§ Work instruction
Print out the data precisely as it appears here, with no pictures.
──────── Supplied information
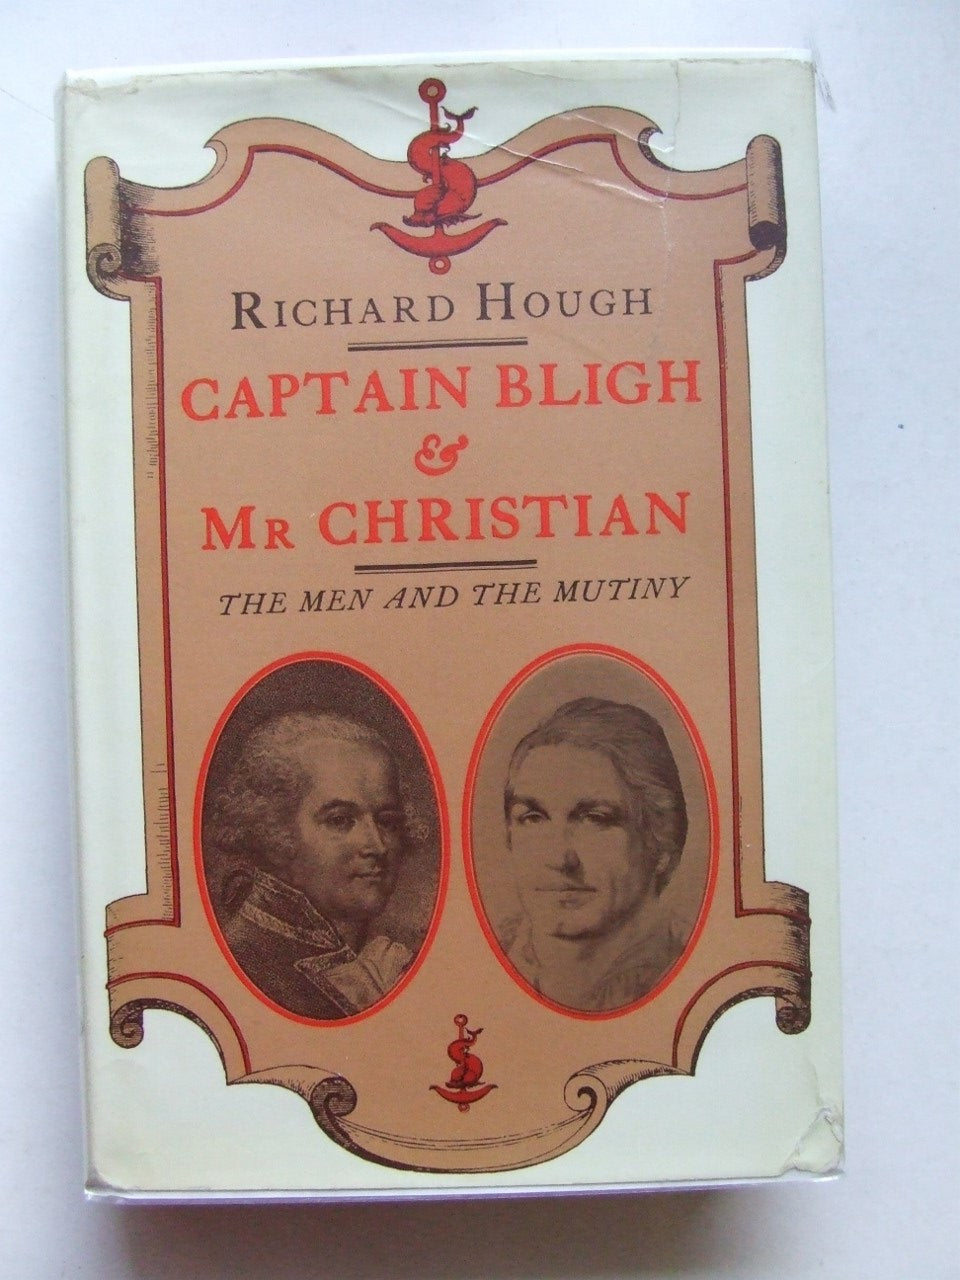 Captain Bligh and Mr. Christian, the men and the mutiny
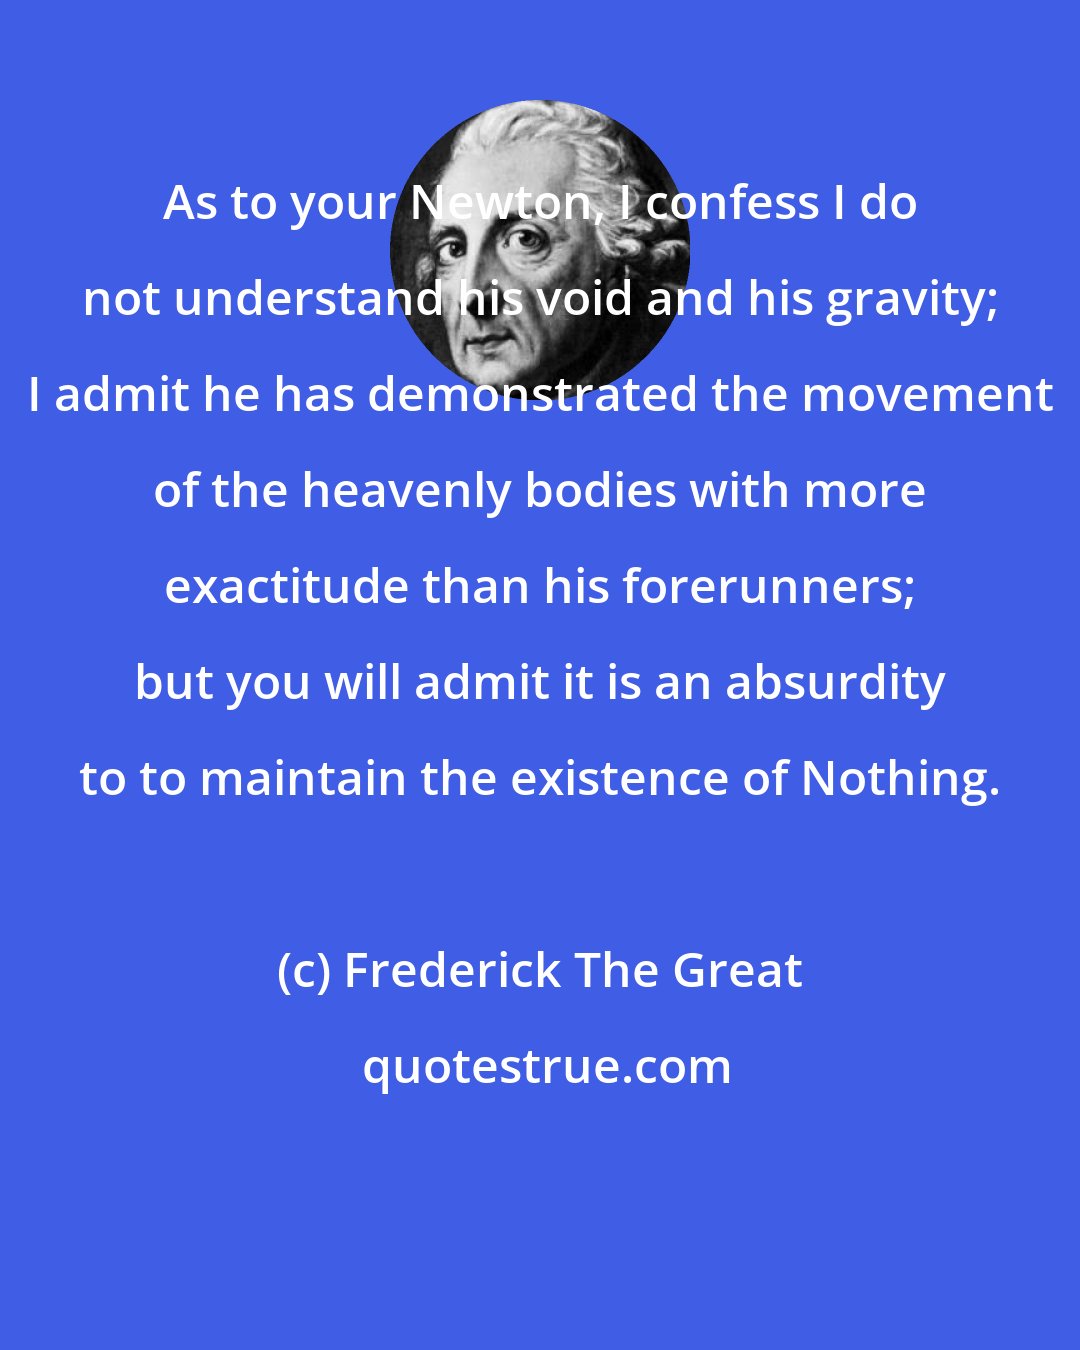 Frederick The Great: As to your Newton, I confess I do not understand his void and his gravity; I admit he has demonstrated the movement of the heavenly bodies with more exactitude than his forerunners; but you will admit it is an absurdity to to maintain the existence of Nothing.
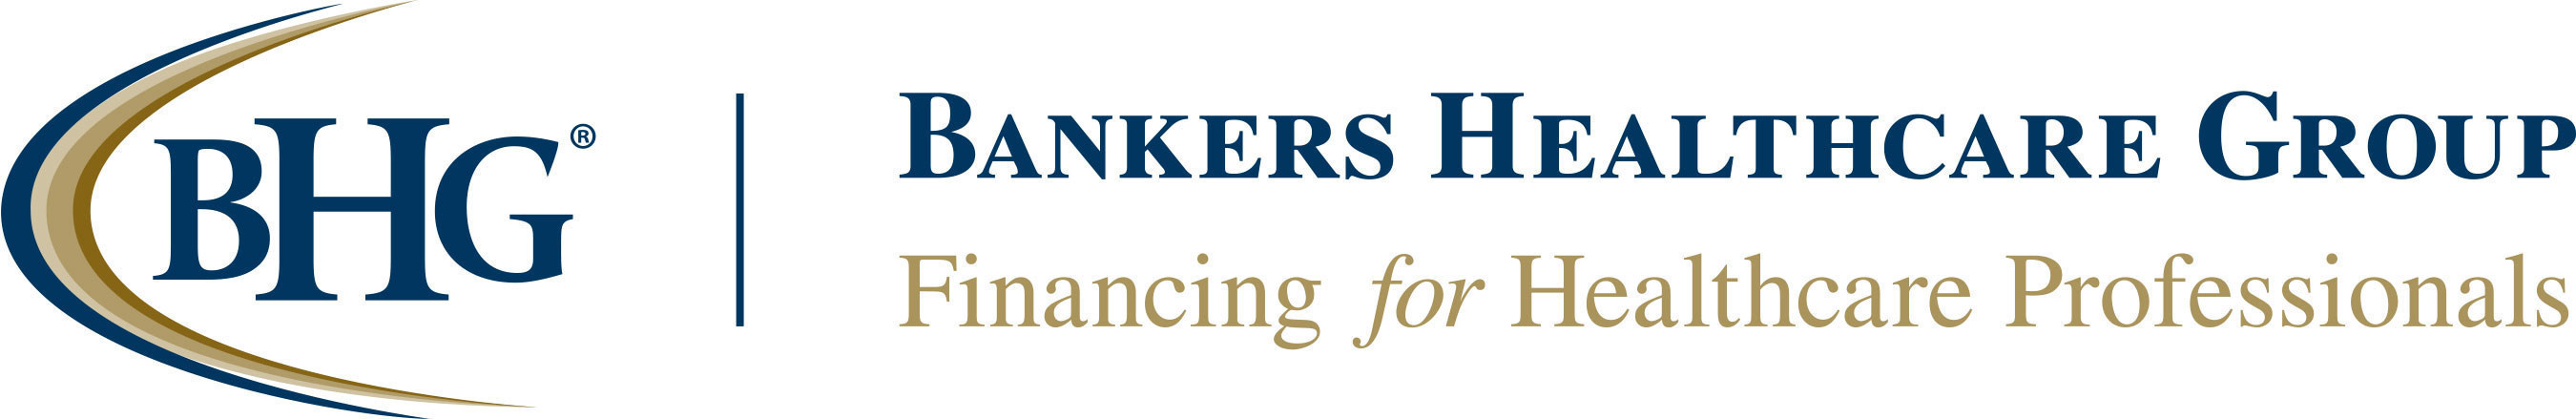 Since 2001, Bankers Healthcare Group has been committed to providing hassle-free financial solutions to healthcare professionals, including working capital loans, credit cards and insurance services. (PRNewsFoto/Bankers Healthcare Group)
────────────────
§ Task output
 Captain Bligh and Mr. Christian, the men and the mutiny
 Frederick The Great: As to your Newton, I confess I do not understand his void and his gravity; I admit he has demonstrated the movement of the heavenly bodies with more exactitude than his forerunners; but you will admit it is an absurdity to to maintain the existence of Nothing.
 Since 2001, Bankers Healthcare Group has been committed to providing hassle-free financial solutions to healthcare professionals, including working capital loans, credit cards and insurance services. (PRNewsFoto/Bankers Healthcare Group)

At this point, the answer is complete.